◆ ASSIGNMENT ◆
In the records below, find the line containing "American Dream Professional Cornhole Boards"; copy exactly that line and all lines after it to the end, and nothing else.

◆ EXERCISE MATERIALS ◆
↓↓↓
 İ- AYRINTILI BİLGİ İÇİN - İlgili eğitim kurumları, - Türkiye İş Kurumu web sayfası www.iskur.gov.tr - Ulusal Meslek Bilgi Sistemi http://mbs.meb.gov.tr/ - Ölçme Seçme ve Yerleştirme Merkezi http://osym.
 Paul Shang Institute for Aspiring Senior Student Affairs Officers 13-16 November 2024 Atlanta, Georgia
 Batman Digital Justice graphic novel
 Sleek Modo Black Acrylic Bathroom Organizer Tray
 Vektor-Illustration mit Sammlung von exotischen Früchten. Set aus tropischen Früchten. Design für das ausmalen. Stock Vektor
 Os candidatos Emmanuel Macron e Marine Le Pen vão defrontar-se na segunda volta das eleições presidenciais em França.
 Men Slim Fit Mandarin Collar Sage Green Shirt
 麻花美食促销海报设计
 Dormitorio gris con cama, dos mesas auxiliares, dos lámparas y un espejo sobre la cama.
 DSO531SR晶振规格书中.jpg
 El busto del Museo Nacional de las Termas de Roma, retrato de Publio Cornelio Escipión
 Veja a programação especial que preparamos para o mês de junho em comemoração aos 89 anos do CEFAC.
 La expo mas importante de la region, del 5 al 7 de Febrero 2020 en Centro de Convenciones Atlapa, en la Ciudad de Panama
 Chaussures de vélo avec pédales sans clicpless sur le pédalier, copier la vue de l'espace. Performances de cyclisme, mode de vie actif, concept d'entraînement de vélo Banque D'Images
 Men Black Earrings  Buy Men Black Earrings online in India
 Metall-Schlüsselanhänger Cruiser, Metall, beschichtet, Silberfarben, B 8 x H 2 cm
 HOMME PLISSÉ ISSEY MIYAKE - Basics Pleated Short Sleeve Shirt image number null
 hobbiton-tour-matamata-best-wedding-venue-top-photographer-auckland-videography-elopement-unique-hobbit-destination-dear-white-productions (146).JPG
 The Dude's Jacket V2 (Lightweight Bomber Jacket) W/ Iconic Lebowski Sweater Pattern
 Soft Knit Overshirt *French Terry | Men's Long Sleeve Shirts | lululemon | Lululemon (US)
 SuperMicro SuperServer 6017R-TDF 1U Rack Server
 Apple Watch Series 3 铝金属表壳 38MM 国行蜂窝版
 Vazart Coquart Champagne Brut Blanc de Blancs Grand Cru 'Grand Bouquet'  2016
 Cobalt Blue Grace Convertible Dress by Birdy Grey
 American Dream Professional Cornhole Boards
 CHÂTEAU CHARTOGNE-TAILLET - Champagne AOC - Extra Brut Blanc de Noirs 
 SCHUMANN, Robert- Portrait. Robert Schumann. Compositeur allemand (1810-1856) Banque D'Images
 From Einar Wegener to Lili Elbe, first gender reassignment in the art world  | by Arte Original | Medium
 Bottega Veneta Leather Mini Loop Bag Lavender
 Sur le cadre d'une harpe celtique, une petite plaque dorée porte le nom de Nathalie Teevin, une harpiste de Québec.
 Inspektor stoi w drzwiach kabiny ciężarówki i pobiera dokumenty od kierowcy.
↑↑↑
◆ PROBLEM SOLUTION ◆
 American Dream Professional Cornhole Boards
 CHÂTEAU CHARTOGNE-TAILLET - Champagne AOC - Extra Brut Blanc de Noirs 
 SCHUMANN, Robert- Portrait. Robert Schumann. Compositeur allemand (1810-1856) Banque D'Images
 From Einar Wegener to Lili Elbe, first gender reassignment in the art world  | by Arte Original | Medium
 Bottega Veneta Leather Mini Loop Bag Lavender
 Sur le cadre d'une harpe celtique, une petite plaque dorée porte le nom de Nathalie Teevin, une harpiste de Québec.
 Inspektor stoi w drzwiach kabiny ciężarówki i pobiera dokumenty od kierowcy.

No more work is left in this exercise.